I guess you could think of something you'd like to do with him, and then start it off by asking him what he does for fun outside of school...and then say, you and I should hang out sometime...and go from there.


----------



## BetaBoy90 (Jan 5, 2010)

For me, I'd just like you to ask me for a coffee or a movie sometime, and do all that touchy crap that girls seem to be good at in the process of asking me out.


----------



## faux (Sep 10, 2010)

First of all you need to find out if he is interested and I think the best way is to compliment him in some way to see how he responds. It's sort of like subtle flirting. You can tell when someone is into you by the way they look at you or the things they say to you. I say try your hand at a bit of flirting and if he can sense you like him and the feeling is mutual you may not have to ask him out because he may ask you out


----------



## ShadowArtist (Sep 18, 2010)

The best advice I heard lately was to pick an event you would like to go to, (maybe a concert or sports game or some kind of school event) and tell them you're going and that you're looking for someone to go with. That allows them to get off the hook by turning the EVENT down, not you. So it's kind of a way to test the waters without direct rejection.


----------



## Futures (Aug 27, 2005)

^ That would work but I think if the approach isn't direct enough, it can be mistaken as simply going out as friends vs going out on a date.


----------



## Perfectionist (Mar 19, 2004)

BetaBoy90 said:


> For me, I'd just like you to ask me for a coffee or a movie sometime, and do all that touchy crap that girls seem to be good at in the process of asking me out.





faux said:


> I say try your hand at a bit of flirting and if he can sense you like him and the feeling is mutual you may not have to ask him out because he may ask you out


I am really not good at flirting. I don't think I've ever even flirted with anyone at all. I guess I could try, but I have a feeling it will be a really really big SA disaster for me.



ShadowArtist said:


> The best advice I heard lately was to pick an event you would like to go to, (maybe a concert or sports game or some kind of school event) and tell them you're going and that you're looking for someone to go with. That allows them to get off the hook by turning the EVENT down, not you. So it's kind of a way to test the waters without direct rejection.

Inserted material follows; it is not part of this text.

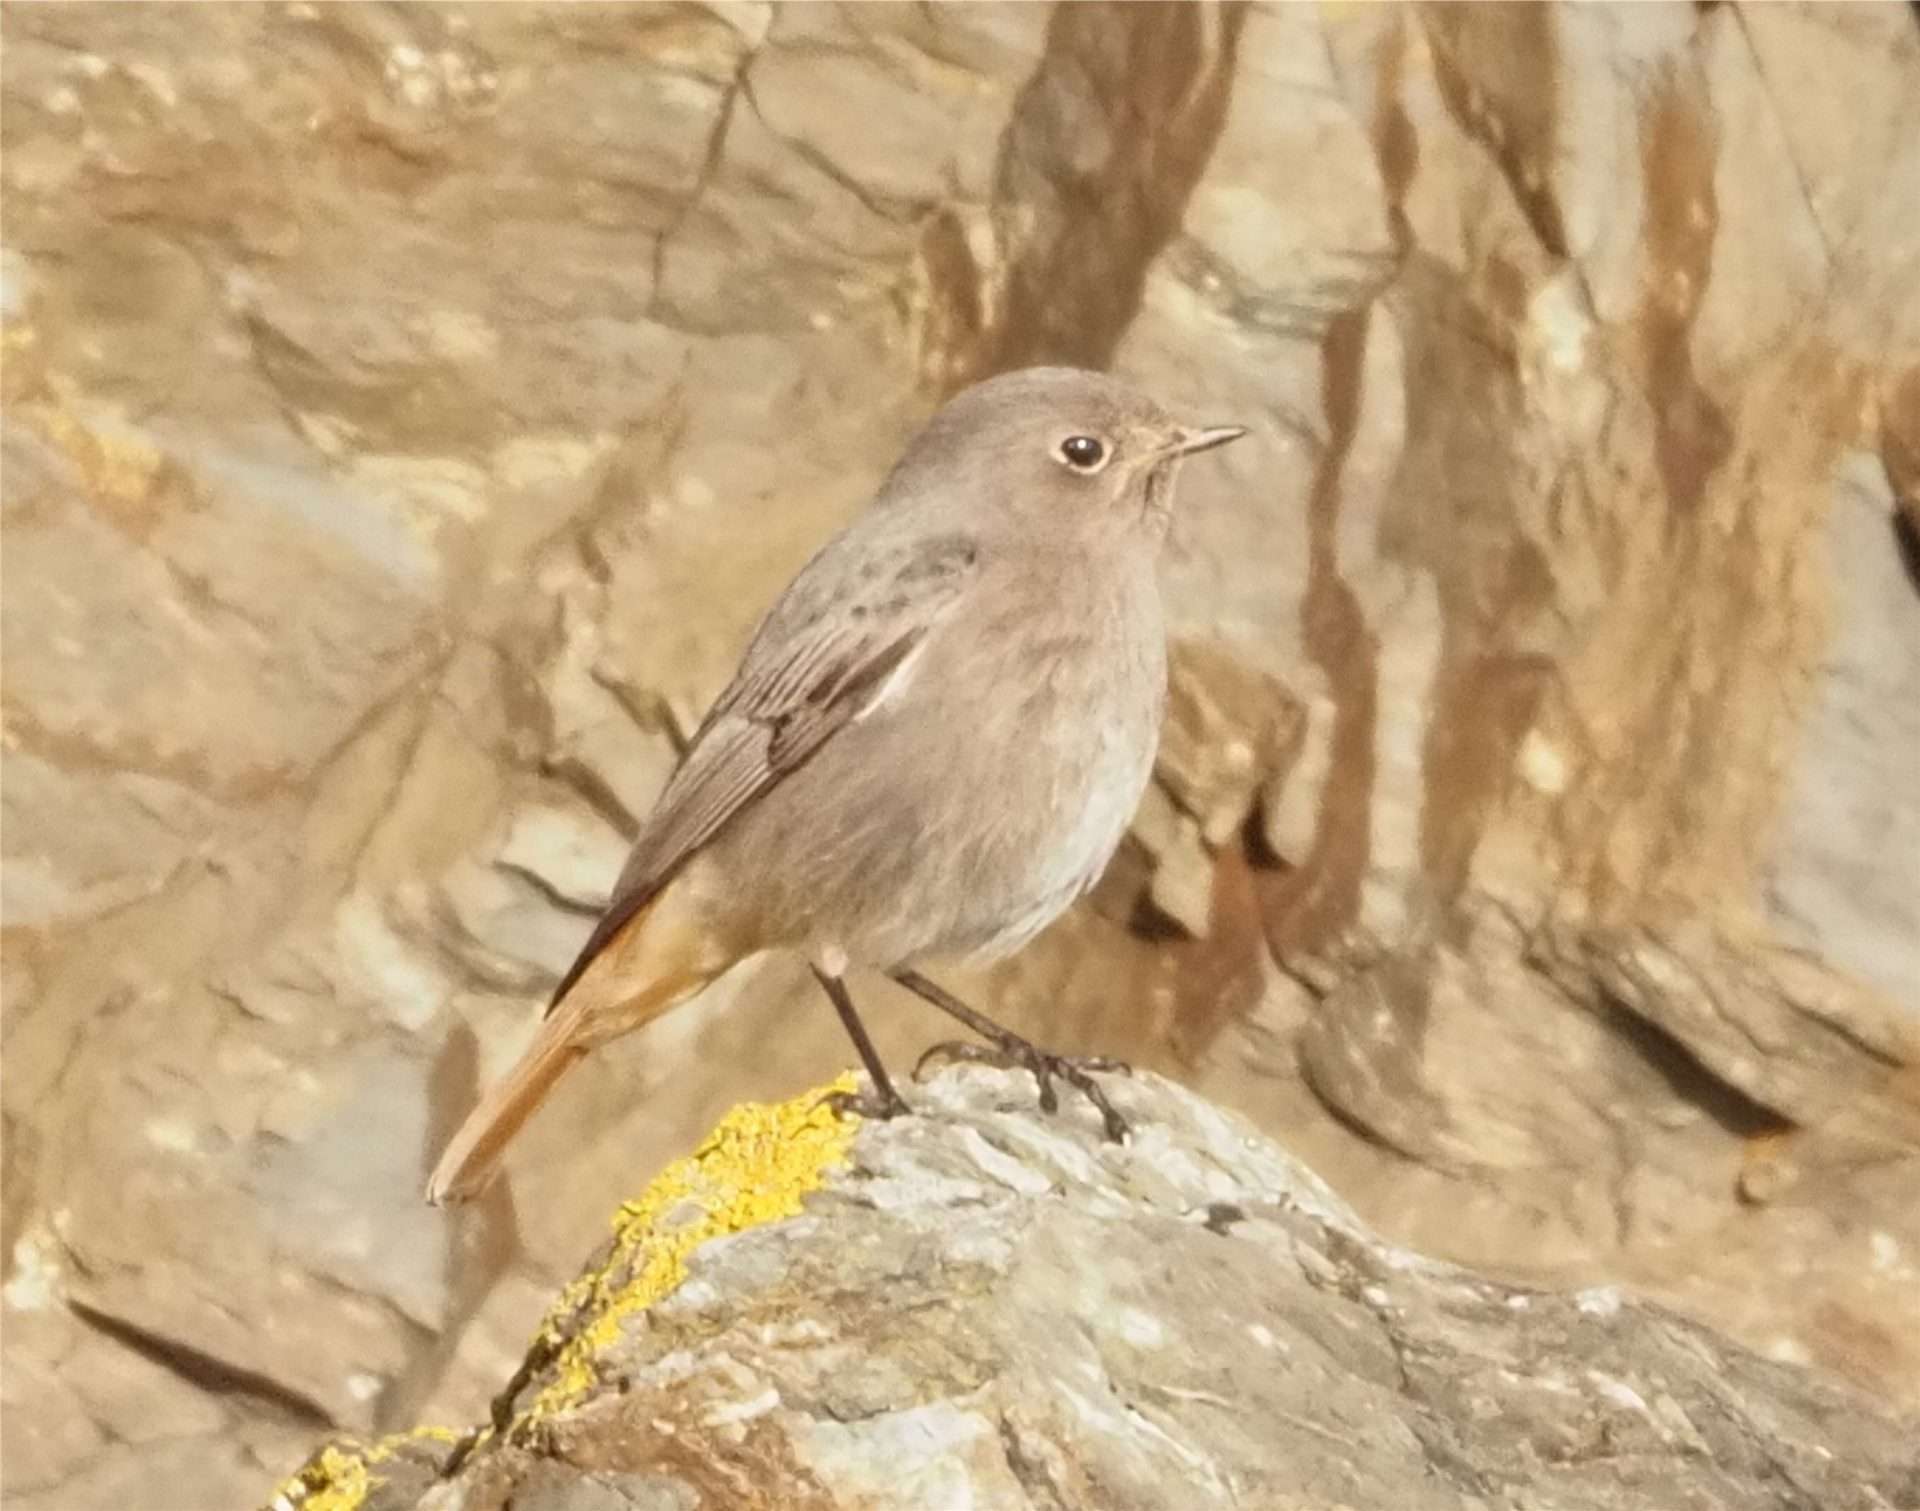 black redstart by mike pound at Hopes nose

Hmm, I like this. If he turns down the event, I'll know. And if he accepts, maybe while we are there or something I could ask him out for realz? I think he would definitely see this as just a friend thing, like Futures said.


----------



## amoeba (May 19, 2010)

Chloroform, a rag, and child-proof car doors?

Damn, I'm so bad at these things.


----------



## BetaBoy90 (Jan 5, 2010)

Perfectionist, you don't have to flirt, just ask him out to coffee or something in a friendly manner. If he has interest in you than a connection greater than friendship will eventually be made assuming you both have more than friendship in your heads. Just try not to act standoffish/show signs that you have no interest in him, I hope you SA doesn't make that difficult for you.

Do you get the feeling that he may be interested in you as well? Sorry if it's a stupid question.


----------



## Narcissus (Aug 28, 2007)

Perfectionist said:


> I am really not good at flirting. I don't think I've ever even flirted with anyone at all. I guess I could try, but I have a feeling it will be a really really big SA disaster for me.


Not sure... you could be like me, and flirt without knowing it. And conversely, in my case, be flirted with and not know it. I apparently blew off a waitress that way - I only know because the people I was with at the time think it was hilarious.


----------



## Perfectionist (Mar 19, 2004)

BetaBoy90 said:


> Do you get the feeling that he may be interested in you as well? Sorry if it's a stupid question.


Good question. I don't knoooooooooooow. I think we get along, but I don't think he's ever shown any sexual/relationship interest in me, as far as I can tell.

He's pretty shy, so that might be a factor, but still, I have no idea if he is interested.

Should I skank it up the day of?


----------



## mind_games (Nov 30, 2008)

Perfectionist said:


> ..
> Men of SAS: TEACH ME.


OK!

This is off my theory book right. It works most of the time in simulated (imagined) scenarios. What you do is, right, you get your mum ... to ask his mum .. for you :idea. That's it. Simple init?


----------



## Post_Punk_Proclivity (Oct 12, 2008)

Can't imagine ever being asked out by a girl. In my experience it's always the guys that have to make that move, or is it just me?


----------



## GirlAccelerate (Oct 7, 2010)

Perfectionist said:


> Should I skank it up the day of?


Perfectionist-

I don't have much advice. I have never approached anyone to date, been single for a while now + only ever been approached..I just can't do it. but..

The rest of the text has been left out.